329 F. Supp. 636, 1971 U.S. Dist. LEXIS 13182
CourtDistrict Court, E.D. New York
DecidedMay 21, 1971
DocketNo. 70-C-744
StatusPublished
Cited by2 cases

This text of 329 F. Supp. 636 (Widermann v. Richardson) is published on Counsel Stack Legal Research, covering District Court, E.D. New York primary law. Counsel Stack provides free access to over 12 million legal documents including statutes, case law, regulations, and constitutions.

Bluebook
Widermann v. Richardson, 329 F. Supp. 636, 1971 U.S. Dist. LEXIS 13182 (E.D.N.Y. 1971).

Opinion

MEMORANDUM-DECISION AND ORDER

TRAVIA, District Judge.

This action comes on before the Court on plaintiff’s motion for summary judgment and defendant’s cross motion for summary judgment under Rule 56, Fed. R.Civ.P.

In this ease, plaintiff seeks judgment directing the defendant to pay Child’s insurance benefits under 42 U.S.C. § 402(d) for a period in 1965 and Widow’s insurance benefits under 42 U.S.C. § 402(e) for a period in 1964 and 1965.

The Social Security Administration (hereinafter the “Administration”) did not award plaintiff the benefits claimed, apparently since they related to months prior to March 1966, the first month for which plaintiff’s March 1967 application was effective.

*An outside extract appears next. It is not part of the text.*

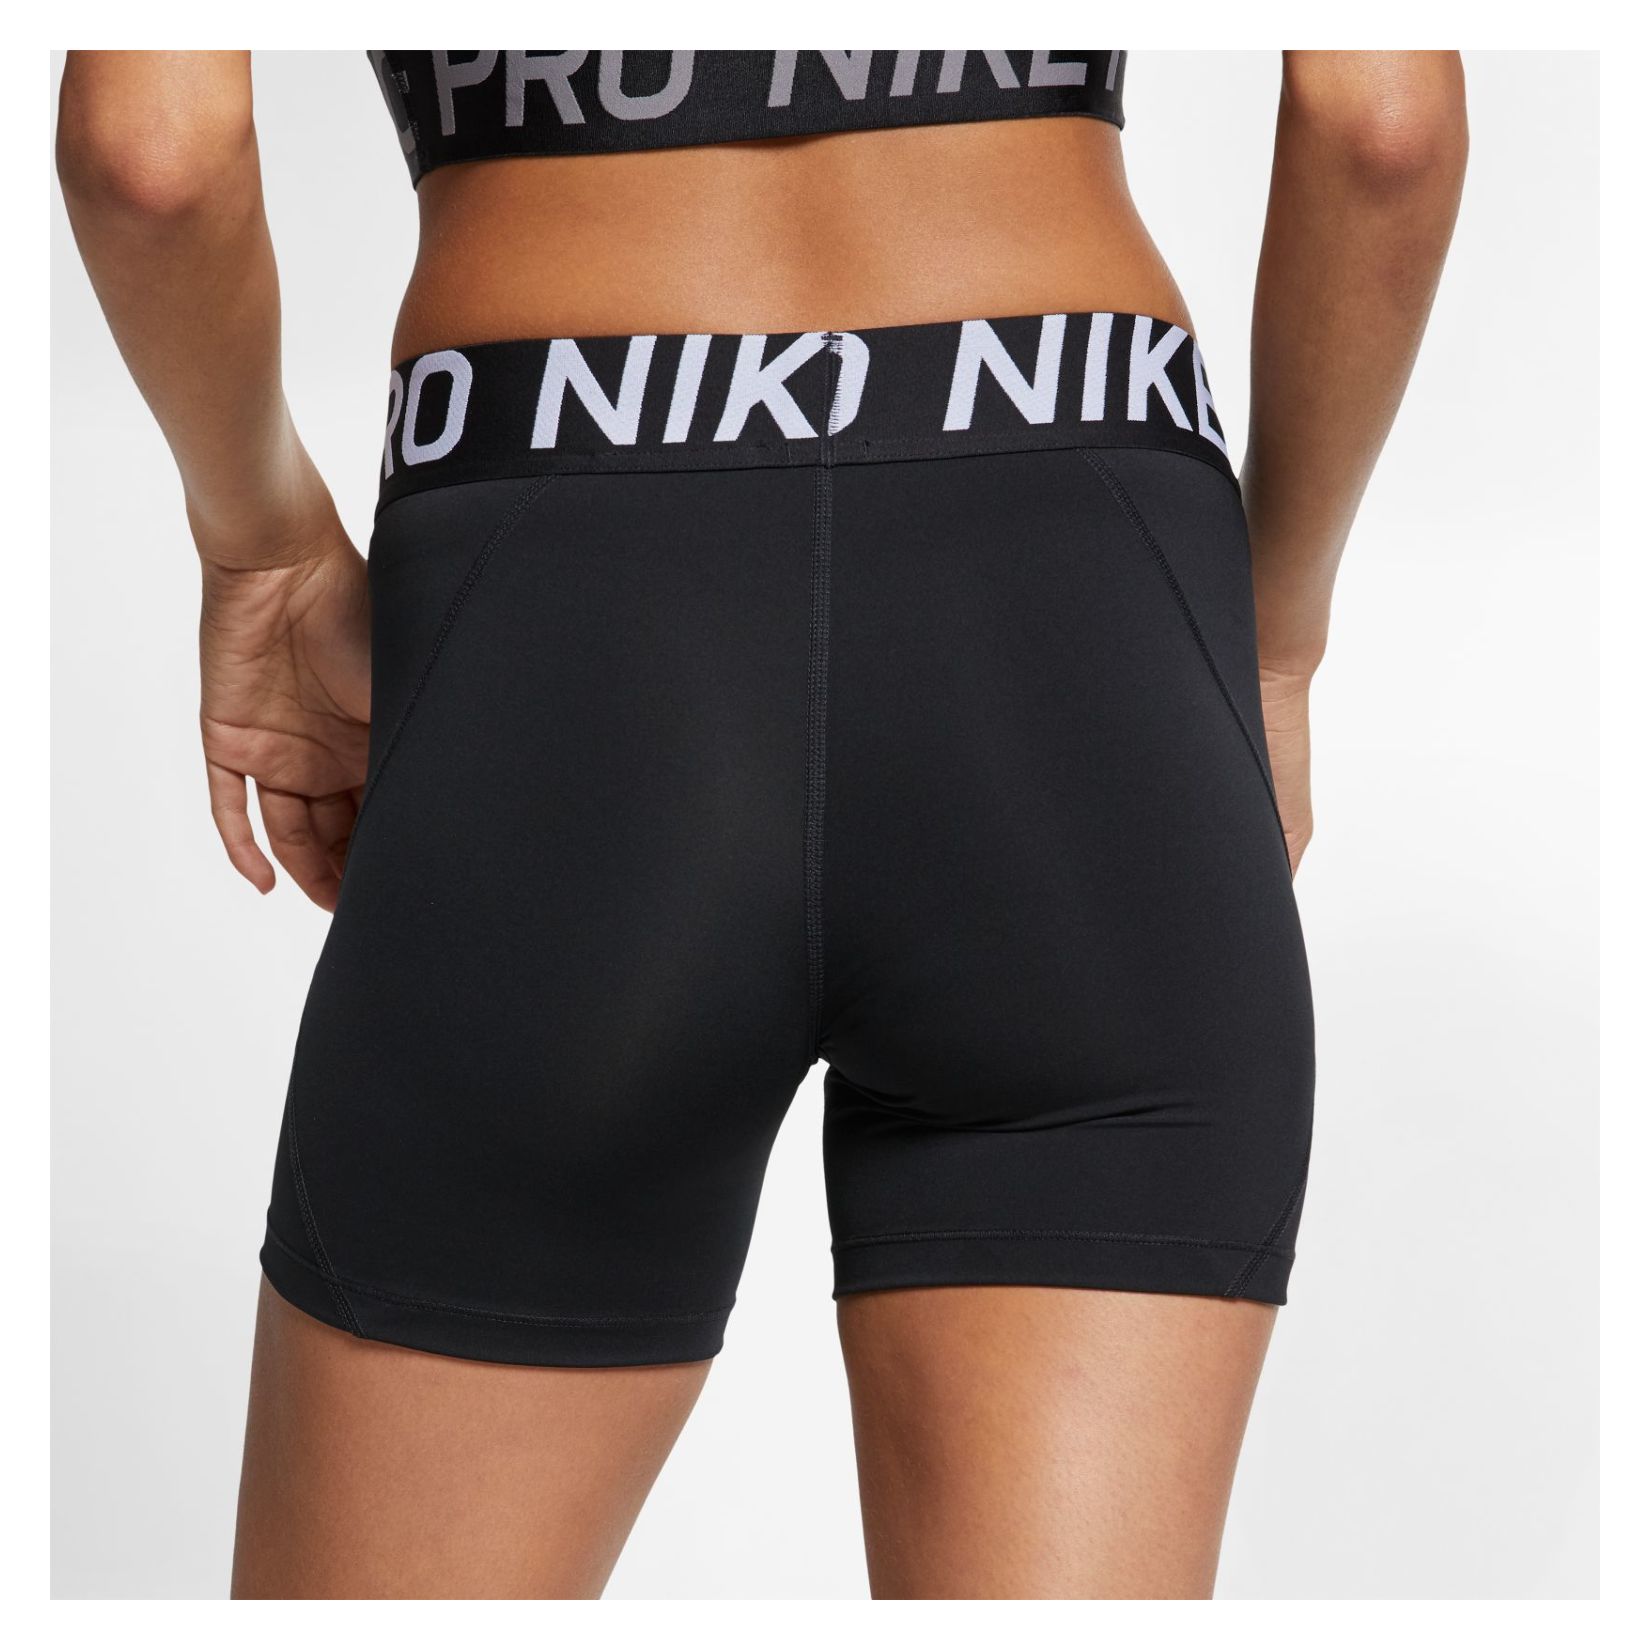 nike pro shorts women's 5 inch

On reconsideration, the Administration adhered to its previous determination. At plaintiff’s request, a hearing was held on March 20, 1970 at which plaintiff was present. After reviewing the evidence, the hearing examiner ruled that plaintiff was not entitled to benefits prior to March 1966. (A copy of the examiner’s decision, rendered on March 31, 1970, is contained at pp. 6-9 of the Record). The Appeals Council declined to review the examiner’s decision and that decision became the “final decision” of the Secretary. 42 U.S.C. § 405(g).

This Court has thoroughly reviewed the complaint in this action filed on June 11, 1970, the answer of the defendant filed in this Court on October 7, 1970, the entire transcript of the record of proceedings relating to the claims of the plaintiff held by the Administration, the motion papers and lengthy memoranda in support of plaintiff’s application for summary judgment, and the defendant’s cross motion and supporting memorandum for summary judgment.

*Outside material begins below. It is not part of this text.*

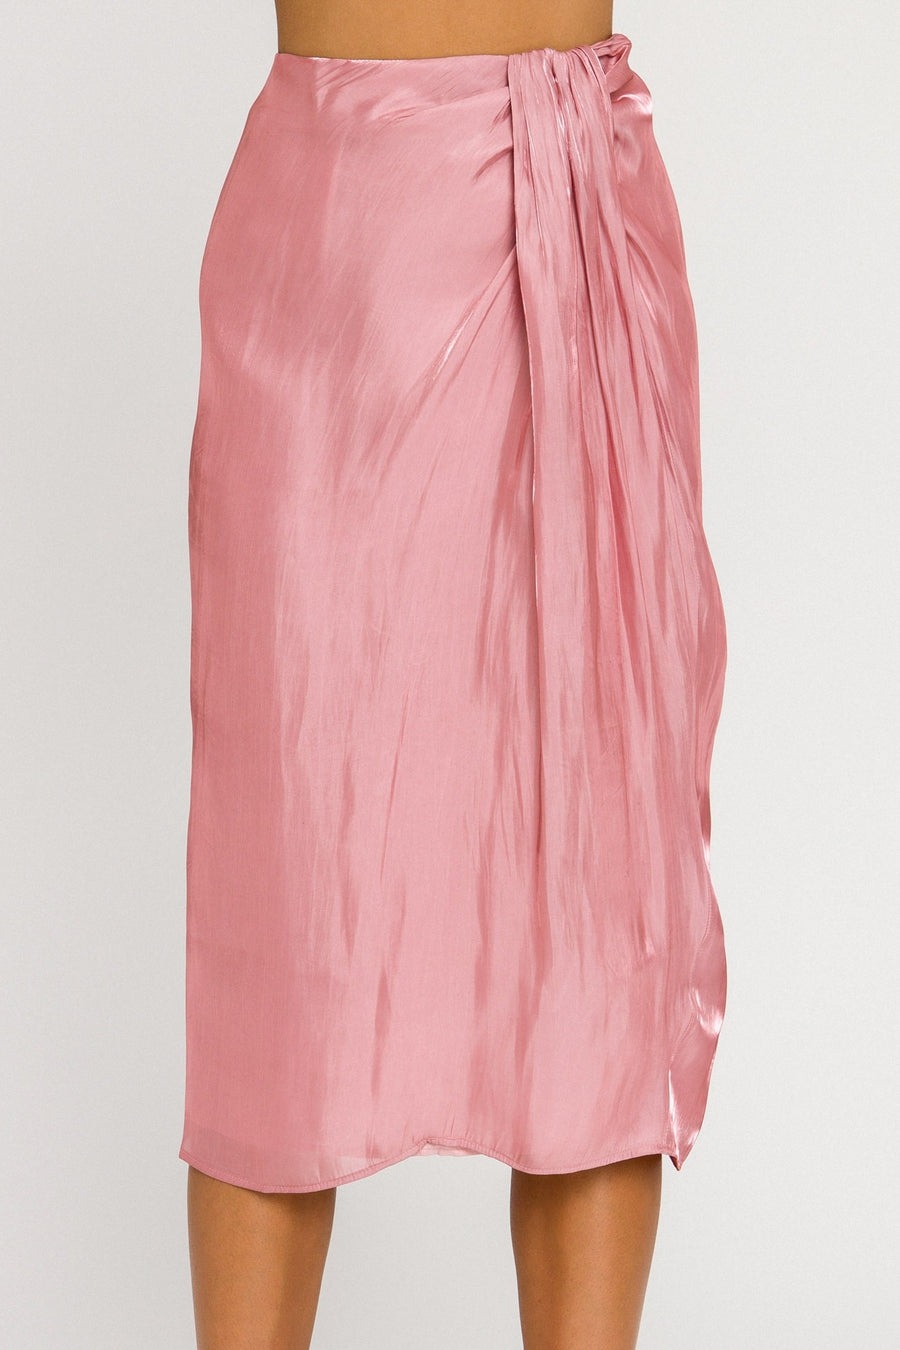 So Rosé Skirt

After hearing oral argument, researching all cited cases and independently reviewing the relevant sections of the Social Security Act (hereinafter [639]*639“the Act”), the Court finds for the defendant on his motion for summary judgment on the ground that there is no genuine issue as to any material fact and that he is entitled to judgment as a matter of law. Thus, plaintiff’s motion for summary judgment is denied and her complaint is dismissed.

The issue is whether the Secretary’s decision conforms to the applicable law and is supported by substantial evidence. (Government’s Memo of Law, p. 9). The issue is not, as plaintiff contends, whether she is entitled to certain benefits prior to March 1966. (Plaintiff’s Memo, p. 7).

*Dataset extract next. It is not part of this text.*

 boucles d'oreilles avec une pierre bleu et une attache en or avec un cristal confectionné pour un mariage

It is undisputed that plaintiff did not file an application as defined in § 404.601(c) of the Regulations until March 1967, since she did not file an application on a form prescribed in Reg. § 404.602. Thus, under 42 U.S.C. § 402(j) (1) limiting the retroactive effect of an application to twelve months, plaintiff’s claim for benefits prior to March 1966 appears to be without merit. Plaintiff, however, makes several arguments to overcome this seemingly obvious result.

Plaintiff maintains that numerous letters and statements from her and her husband to the Administration, which letters and statements were written or made prior to March 1967, constitute proper applications. (Plaintiff’s Memo, pp. 8-18 details such correspondence). To overcome the effect of the Regulations (§§ 404.601(c) and 404-.602) requiring a “formal” application, plaintiff relies on § 404.601(d) of the Regulations which makes exception to the “formal” application requirements of § 404.602. The exception,, contained in § 404.613 provides that certain written statements1 may constitute the filing of an application, provided, inter alia, a “formal” application (Reg. § 404.602) is filed within 6 months. This 6 month period begins to run after the Administration notifies the applicant that a determination will be made if the applicant files a “formal” application within 6 months. Reg. § 404.613(c).

Since the Regulations clearly provide that only written statements will be considered as “informal” applications, plaintiff’s reliance on oral statements is misplaced. As to plaintiff’s written “informal” statements, her claim also fails. Even assuming them to be applications for purposes of § 404.613, no “formal” statement was filed until March 1967, more than 6 months after the “informal” applications.

Although the Administration did not notify the plaintiff as prescribed in § 404.613(c), so as to commence the running of the 6 month period within which “formal” applications must be filed, such failure is excusable here in light of plaintiff’s signed statement of April 20, 1965 and the other circumstances set forth in this decision.